Siena, 21 febbraio 2015 – Tutto è in ordine alla scuderia di Gingillo. Non potrebbe essere altrimenti vista la proverbiale precisione del fantino. «C’è ancora da lavorare molto, però il grosso è fatto», dice introducendoci all’interno del capannone dove sono stati realizzati i box. Tutti occupati dai mezzosangue e dai puri che gli serviranno per i palii di Legnano, Asti e Piancastagnaio. C’è Remo secondo, ch entra nei 5 anni, poi Rania (stessa età). Entrambi verranno iscritti all’Albo. Poi nomi conosciuti come Quindigiu, 6 anni, già conosciuto e apprezzato, con vittorie a Monteroni e a Fucecchio. In scuderia anche Qua ti voglio, Powell e Pole position.
E poi c’è Carlo Sanna, detto Brigante, che ha debuttato ad agosto nel Valdimontone.

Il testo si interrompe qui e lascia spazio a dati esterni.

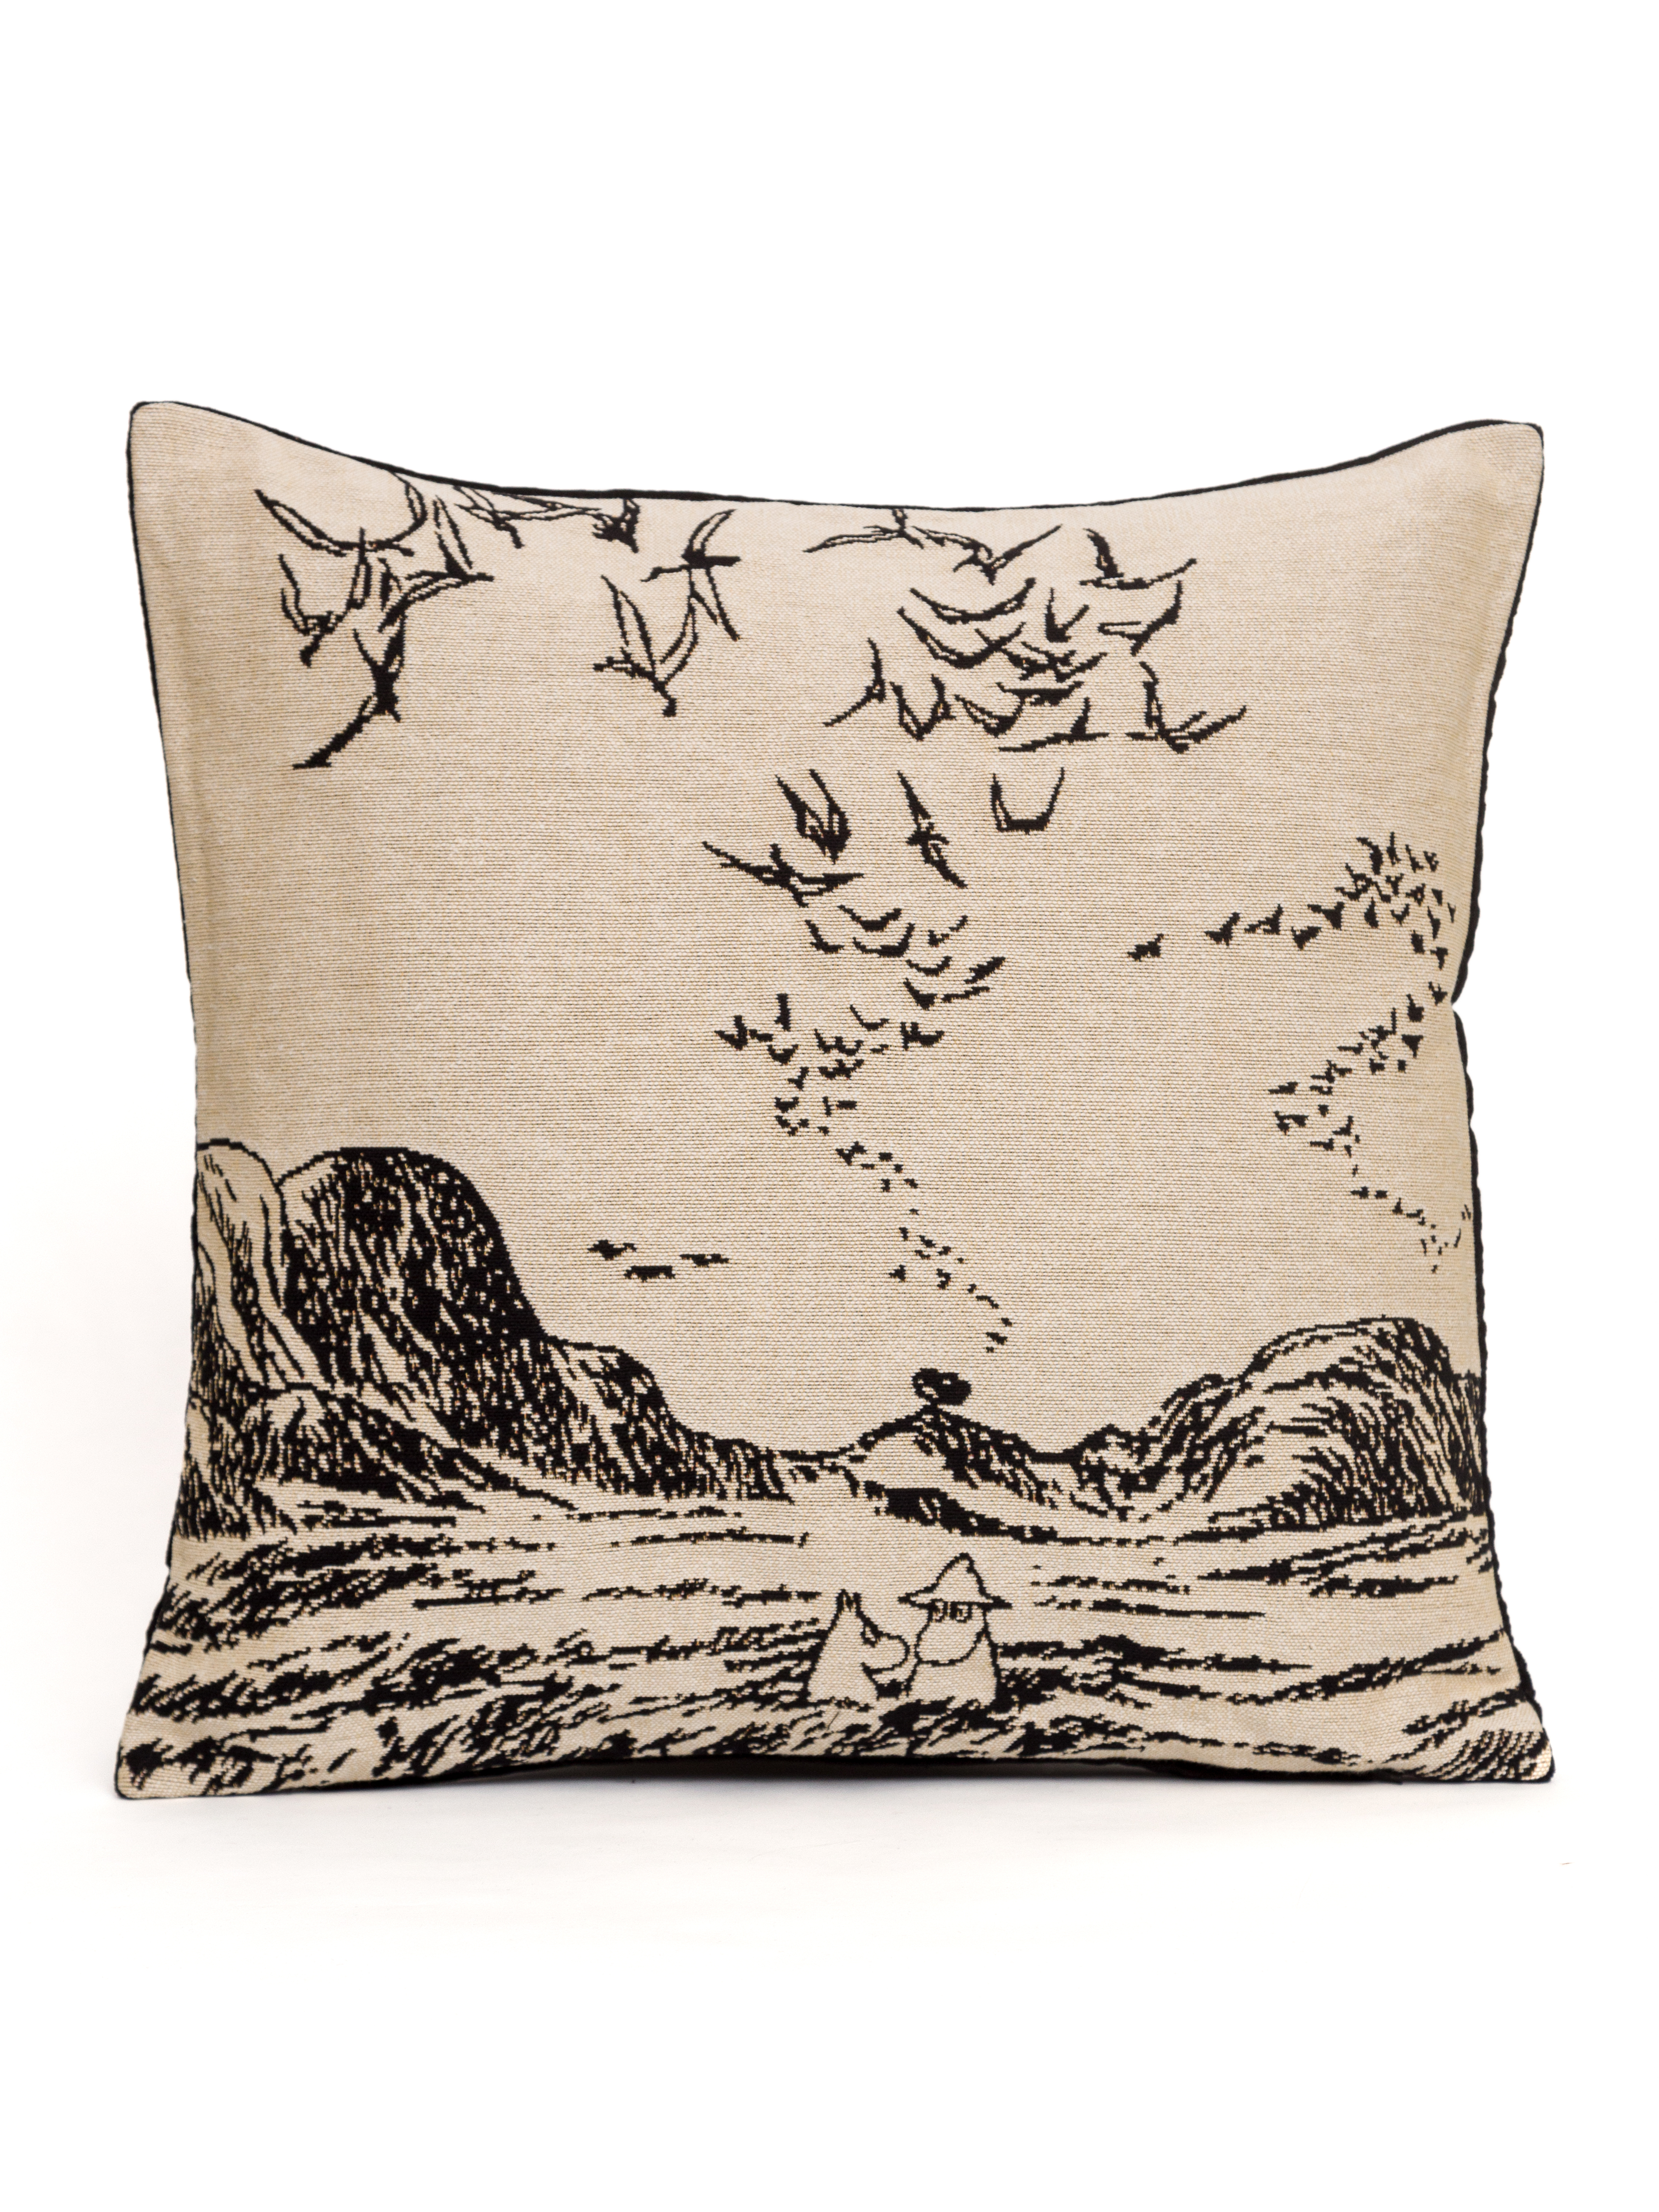 Aurora Decorari Moomin Gobelin Cushion Cover 014CHMoomins in Sea

Sarai a cavallo anche a luglio? Gingillo pensa di sì.

«Speriamo»

Se il ‘capo’ della scuderia dice così vuol dire che un po’ di movimento c’è stato?
«Sì, sì, c’è..»
Potreste trovarvi in due Contrade rivali?
«(Ride, ndr) Se ci fosse l’occasione...».
Gingillo gli fa eco: «Finché sei qui, magari...»
Torniamo a Sanna: ti vorresti mettere in proprio?
«Per ora sto bene qui».
Sei il fantino di Contrada, magari occulto?
«No, no!»
Con il Montone è rimasto un buon rapporto?
«Sì»
Si parla anche del Bruco?
«Buon rapporto come con altri»
Ingaggi in altri paliotti?
«Legnano e Bientina dove porterò qualche cavallo di scuderia».
Quando sei tornato dalla Sardegna.
«Sono rimasto un mese. Adesso abito all’Acquacalda, la famiglia con i tre bambini mi hanno seguito. Del resto avevo promesso che se fossi riuscito a montare il Palio mi sarei trasferito».
Hai fatto qualche mea culpa questo inverno per la caduta dell’Assunta?
«E’ stata una combinazione quella scivolata. Non faccio colpe nè a me, nè al cavallo. Doveva andare così».
Questo inverno su cosa hai lavorato di più per migliorare.
«Sulla tecnica, un po’ su tutto. C’è sempre da imparare»
E sul lavoro a terra?
«Sto iniziando a capirci qualcosa di più».
I tuoi figli cosa dicono?
«Sono contenti, si trovano bene a Siena. Si sono ambientati subito. Alla fine è un po’ come in Sardegna, anche nel rapporto con le persone. Se le cose andassero bene ci vorrei restare»
Cosa ti ha insegnato Gingillo?
«Ad usare la testa. La serietà, la freddezza».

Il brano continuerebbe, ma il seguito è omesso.